Thomas E. Johnson, Minneapolis, MN, for Appellant.

Kenneth R. White, Mankato, MN, for Appellee.

Before KOGER, Chief Judge, SCHERMER and MIXON,1 Bankruptcy Judges.

KOGER, Chief Judge.

Mark John McGowan, the debtor, appeals from the portion of the bankruptcy court's2 order entered on April 2, 1998, in which the court sustained the objection filed by Charles W. Ries, the Chapter 7 Trustee, to McGowan's claimed homestead exemption in real property. McGowan appeals, asserting that the Trustee's objection was untimely under Minnesota Local Bankruptcy Rule 2003-1 and that the bankruptcy court improperly used its equitable powers under 11 U.S.C. § 105(a) to consider the untimely objection. In support of affirmance, the Trustee argues that his objection was timely under Federal Rule of Bankruptcy Procedure 4003(b) and to the extent Minnesota Local Bankruptcy Rule 2003-1 conflicts with Federal Rule 4003(b), the local rule is unenforceable. Alternatively, the Trustee asserts that Minnesota Local Bankruptcy rule 2003-1 and Federal Rule 4003(b) should be interpreted together in a manner that is consistent with allowance of the objection under Federal Rule 4003(b). McGowan responds that this Court may not consider the invalidity of Local Rule 2003-1 or otherwise consider possible errors in the bankruptcy court's interpretation of Local Rule 2003-1 and Federal Rule 4003(b) because the Trustee did not file a cross-appeal to preserve those issues. The Trustee urges that no cross-appeal is necessary and that this Court may affirm the bankruptcy court's order on any grounds, even on grounds rejected by the trial court. Finally, the Trustee contends that if this Court agrees that the objection was untimely, then the bankruptcy court was correct in employing its powers under 11 U.S.C. § 105 to entertain the objection. We affirm.

Statement of Facts

On January 31, 1997, McGowan filed a voluntary petition for relief under Chapter 7 of the Bankruptcy Code. McGowan filed all of his bankruptcy schedules and statements on that date. In his schedules, McGowan claimed a homestead exemption in the following described real estate: Lot 13, Block 1, East Abbott's Addition, Owatonna, Steele County, Minnesota.

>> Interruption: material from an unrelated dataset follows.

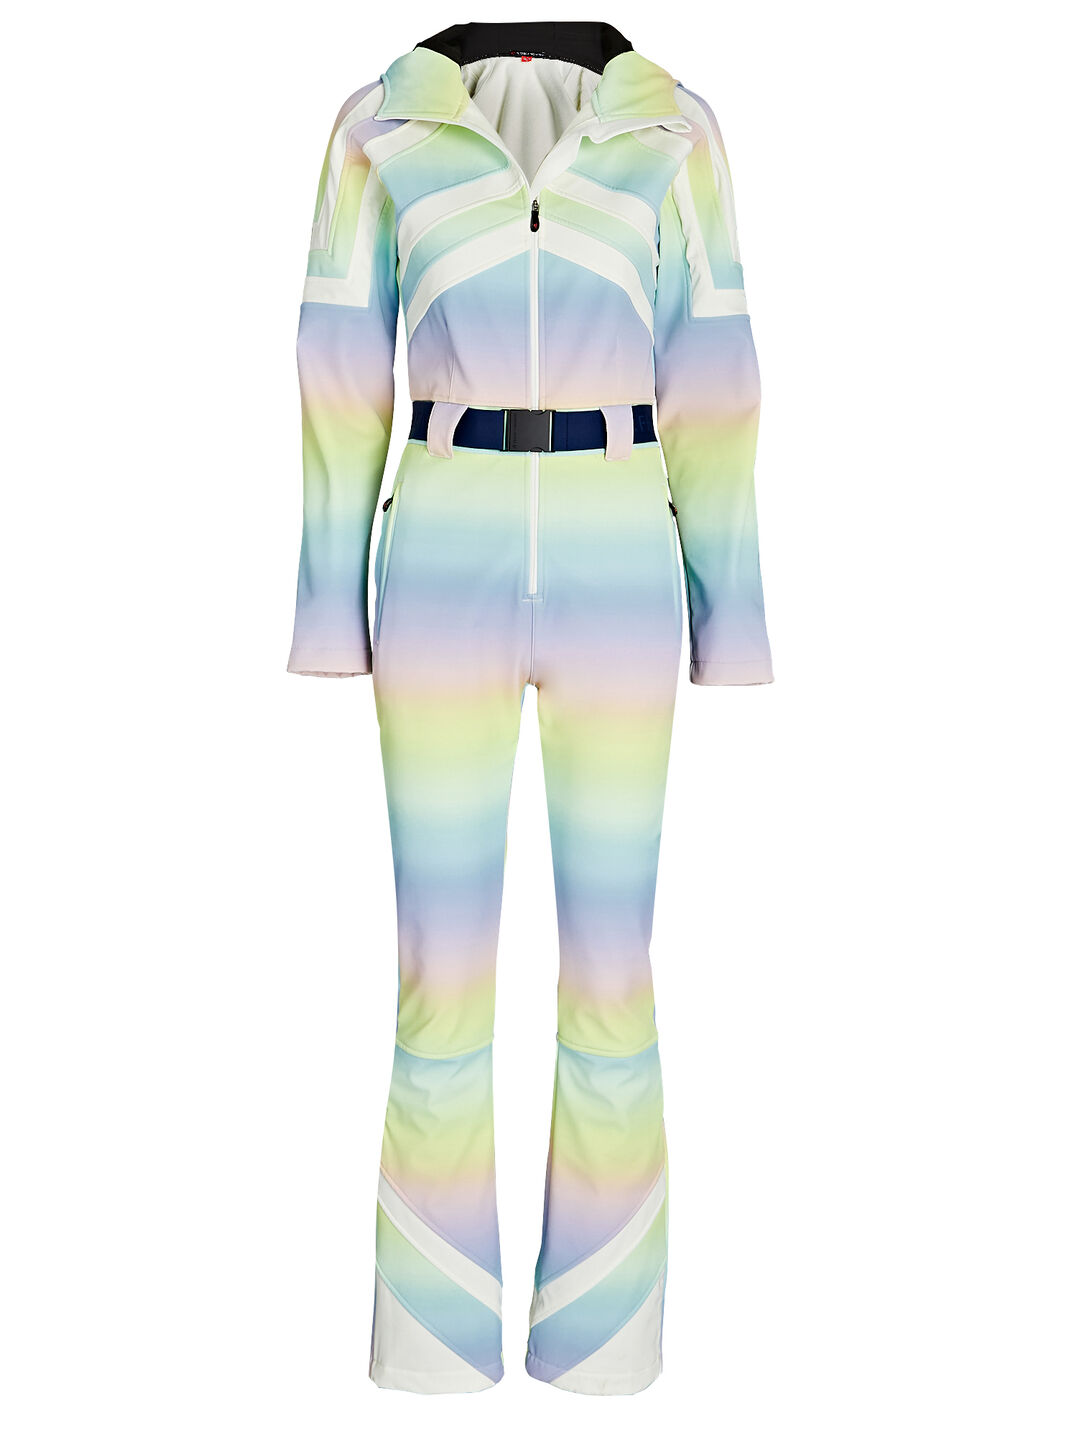 Tignes Rainbow Ski Suit

On February 3, 1997, Michael Dietz was appointed interim trustee. The section 341 meeting of creditors was originally scheduled to be held on February 28, 1997. On February 21, 1997, Dietz determined that he had a conflict of interest and resigned as interim trustee. On that same date, Ries was appointed as successor, interim trustee. The section 341 meeting was then rescheduled for April 11, 1997, and all parties were served with notice of the rescheduled meeting. Ries conducted and concluded the section 341 meeting on April 11, 1997.

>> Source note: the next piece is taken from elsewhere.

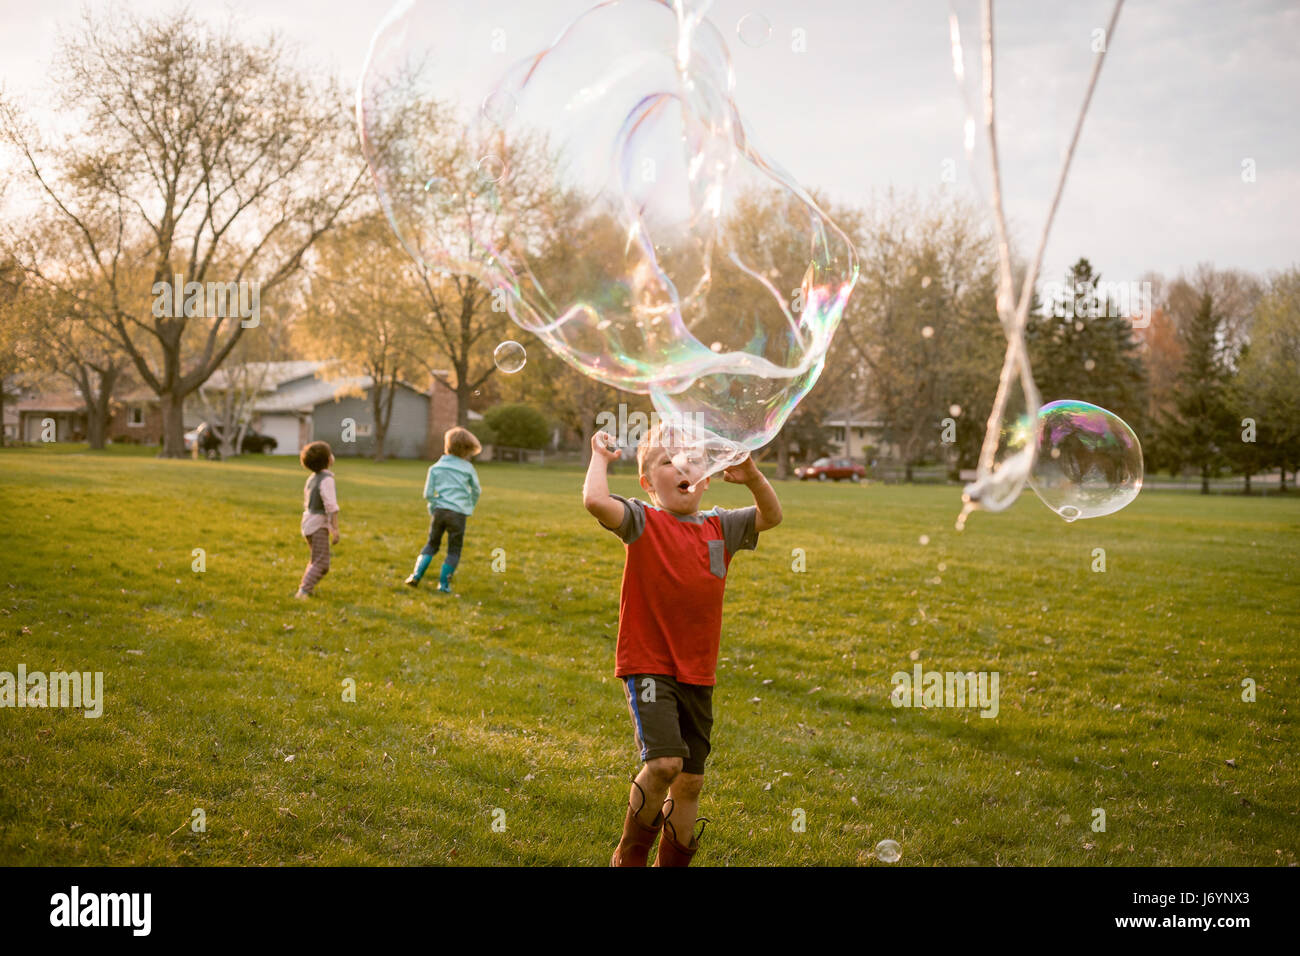 Trois enfants jouant avec des bulles géantes dans un parc Banque D'Images

On April 23, 1997, Ries filed an objection to McGowan's claimed homestead exemption. McGowan resisted, asserting that Ries' objection was untimely pursuant to Minnesota Local Bankruptcy Rule 2003-1 because Ries had not filed an objection within 30 days of the first scheduled meeting of creditors, nor taken other action to advise that the section 341 meeting did not conclude on the date originally scheduled. McGowan's argument derives from the language of Local Rule 2003-1, which states in relevant part that "for purposes of Bankruptcy Rule 4003(b), the meeting of creditors shall be deemed concluded on the first date set for such meeting, unless within 30 days after such date the trustee serves and files a verified statement that the meeting has not been concluded." Minn. Loc. Bankr.R.2003-13 (emphasis added). Because Federal Rule of Bankruptcy Procedure 4003(b) requires a trustee or any creditor to file an objection to the debtor's claimed exemptions "within 30 days after the conclusion of the meeting of creditors held pursuant to Rule 2003(a)," Fed. R. Bankr.P. 4003(b)4 (emphasis added), McGowan contends that Ries' April 23rd objection was untimely.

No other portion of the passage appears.